2023年5月10日 20:29:54go评论78阅读模式

英文:

Python regex positive lookahead cannot split correctly

问题

[^a-z]+ behaves like a lazy match because it's using the + quantifier after a negated character class. This means it will match the shortest possible sequence of characters that do not fall within the range of lowercase letters (a to z). To make it behave as a greedy match, you can use [^a-z]+ followed by + without the negated character class, like this: [^a-z]+.

Here's the corrected regular expression for splitting the text by sections:

re.split(r'\n(?=[A-Z\d])', text)

This regex uses a positive lookahead assertion to split the text at line breaks (\n) that are followed by an uppercase letter or a digit, which should correctly split the text into sections as you expected.

英文:

I've text consisting of sections.
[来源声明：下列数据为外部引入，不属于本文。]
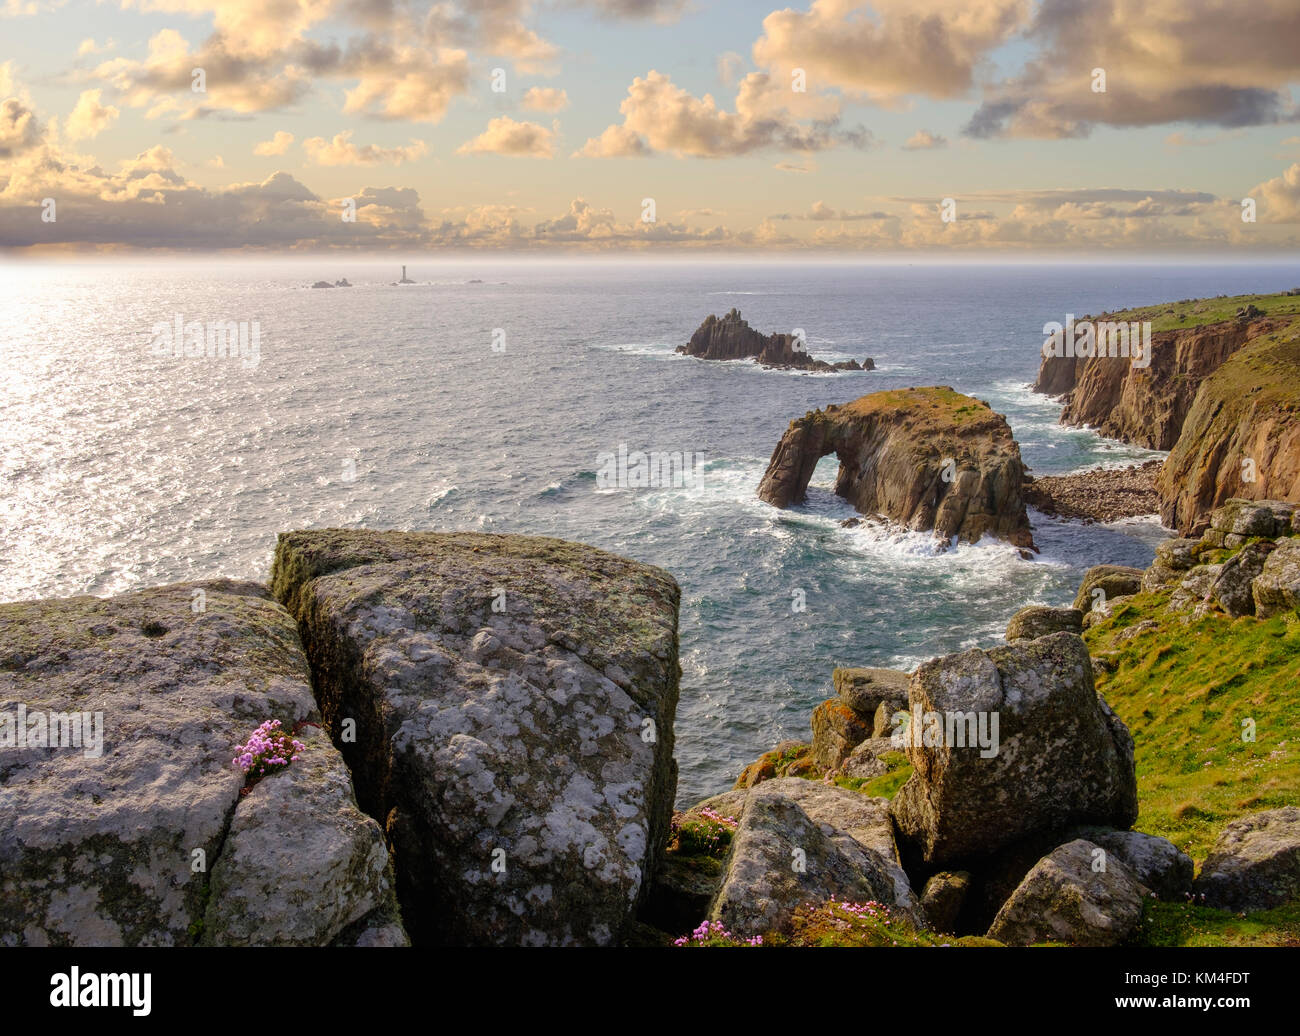 Steilküste mit Enys Dodman Rock, hinten der Longship Leuchtturm, Land's End, Cornwall, Inghilterra, Großbritannien Foto Stock

In each section:

The title is in uppercase and may span multiple lines
The body may have acronyms, so we cannot assume that uppercase words mark the start of each section

There may be zero or multiple line breaks between sections.

Example

import re

text = &quot;&quot;&quot;
Lorem ipsum

THIS SECTION IS A SHORT STORY
1 Hello world
2 Bye bye
Side comment


NEXT SECTION SPANS 200
YEARS AND MANY COUNTRIES!

3 Joe Bloggs attended a NATO summit
4 John Doe heard...
THIS SECTION HAS NO
LINE BREAK / SPACE FROM
THE PREVIOUS ONE

5 Alice thought...
6 Bob visited...
&quot;&quot;&quot;.strip()

re.split(&quot;\n(?=[^a-z]+\n+[a-z\d])&quot;, text)
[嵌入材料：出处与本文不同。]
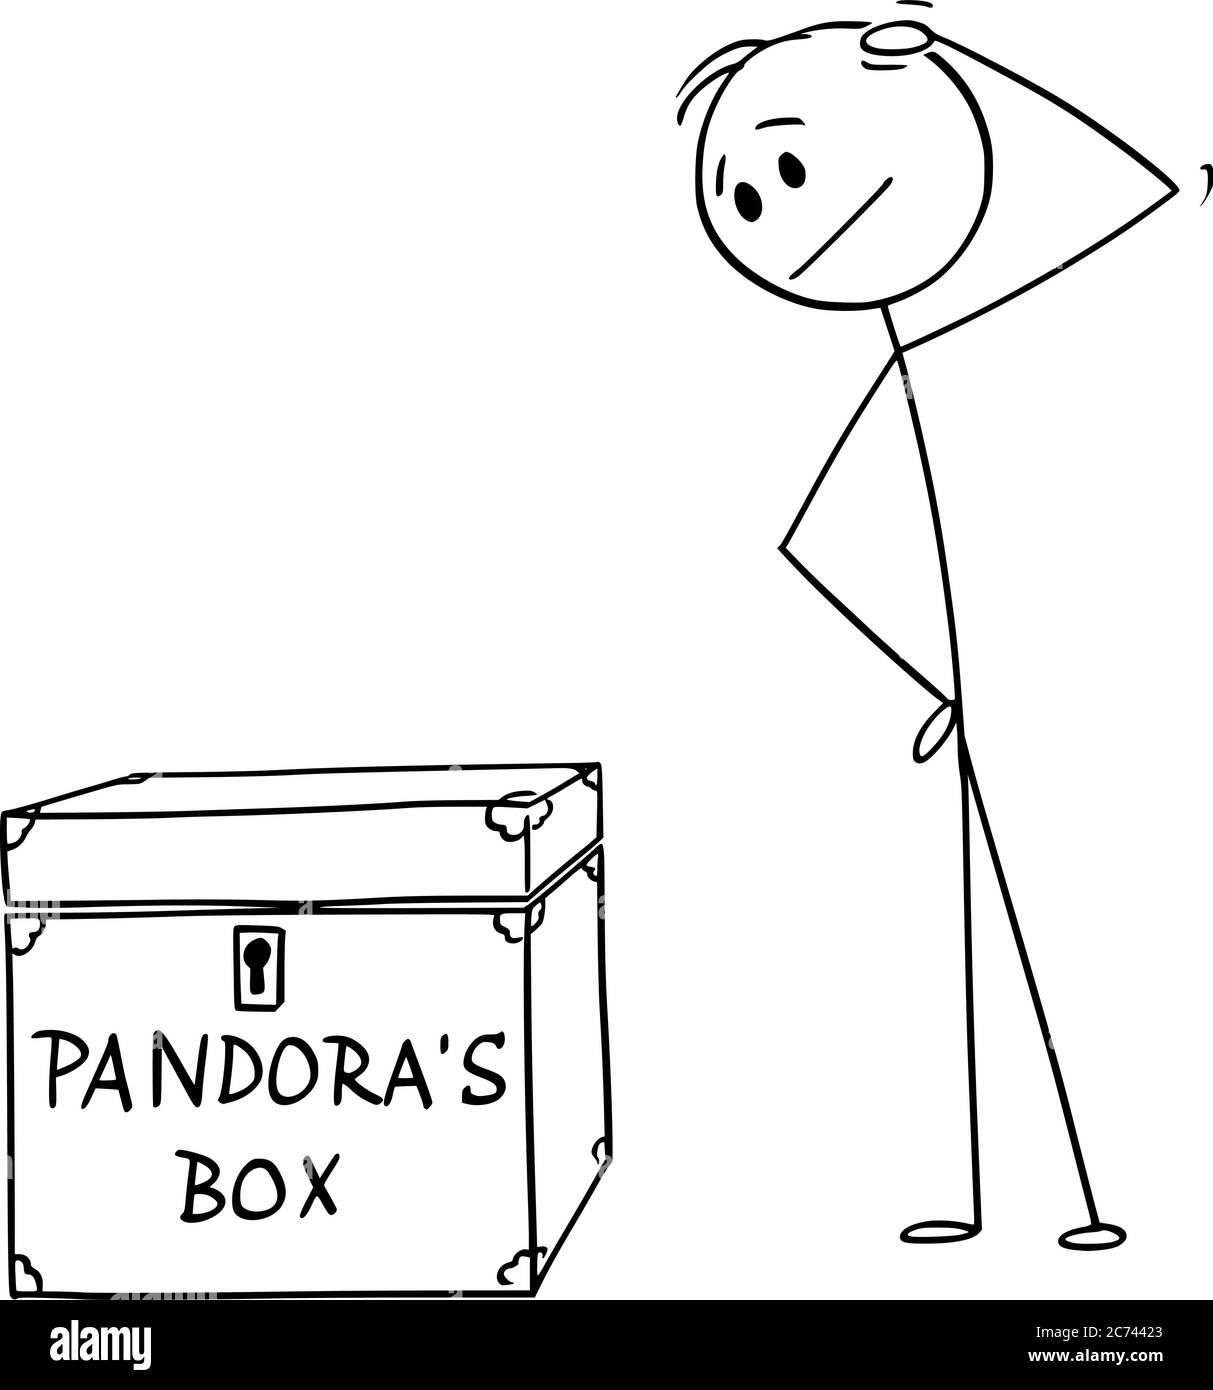 Vektor Cartoon Stick Figur Zeichnung konzeptionelle Illustration von Mann oder Geschäftsmann denken über Risiko und Gelegenheit, Pandora Box zu öffnen. Stock Vektor

I expected it to split the text by sections like this:

[&quot;Lorem ipsum\n&quot;,
 &quot;THIS SECTION IS A SHORT STORY\n1 Hello world\n2 Bye bye\nSide comment\n\n&quot;,
 &quot;NEXT SECTION SPANS 200\nYEARS AND MANY COUNTRIES!\n\n3 Joe Bloggs attended a NATO summit\n4 John Doe heard...&quot;,
 &quot;THIS SECTION HAS NO\nLINE BREAK / SPACE FROM\nTHE PREVIOUS ONE\n\n5 Alice thought...\n6 Bob visited...&quot;]
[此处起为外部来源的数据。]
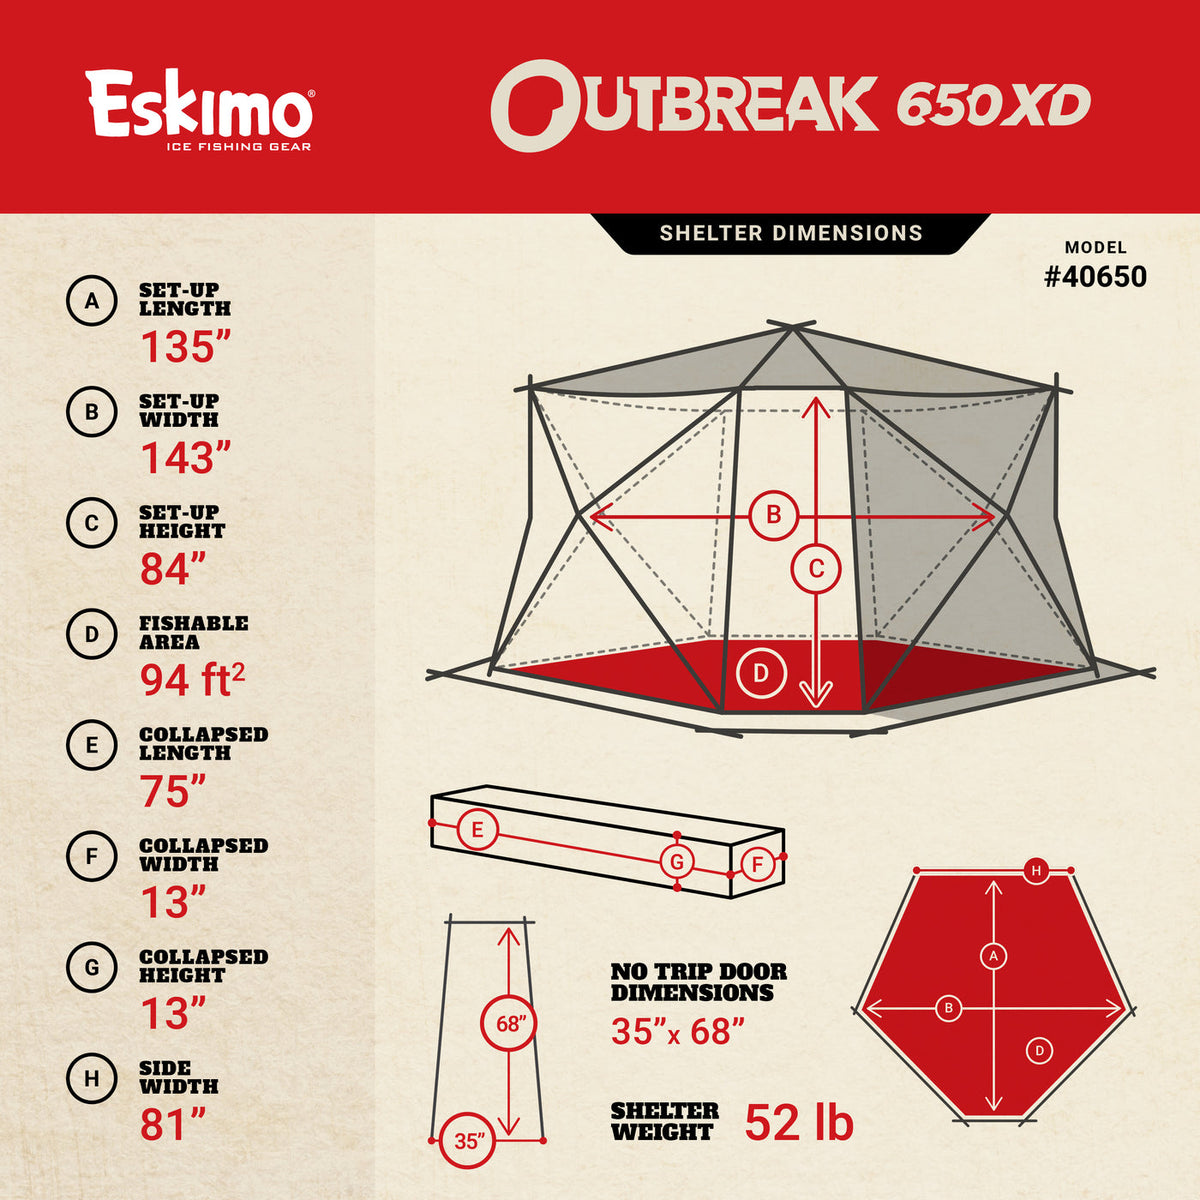 Eskimo Outbreak 650XD

Instead, Python splits up each section as follows, which seems to contradict the lookahead assertion:

[&quot;Lorem ipsum&quot;,
 &quot;&quot;,
 &quot;THIS SECTION IS A SHORT STORY\n1 Hello world\n2 Bye bye\nSide comment&quot;,
 &quot;&quot;,
 &quot;&quot;,
 &quot;NEXT SECTION SPANS 200&quot;,
 &quot;YEARS AND MANY COUNTRIES!\n\n3 Joe Bloggs attended a NATO summit\n4 John Doe heard...&quot;,
 &quot;THIS SECTION HAS NO&quot;,
 &quot;LINE BREAK / SPACE FROM&quot;,
 &quot;THE PREVIOUS ONE\n\n5 Alice thought...\n6 Bob visited...&quot;]

Questions

Why does [^a-z]+ behave like a lazy match instead of greedy match?

What's the correct solution?

答案1

得分: 1

更新的示例

我们可以添加一个回顾来匹配双\n（或者在不需要尾随\n的情况下拆分\n\n），并在字符集中包含数字。

re.split(r"(?<=\n)\n(?=[A-Z0-9 ]+\n)", text)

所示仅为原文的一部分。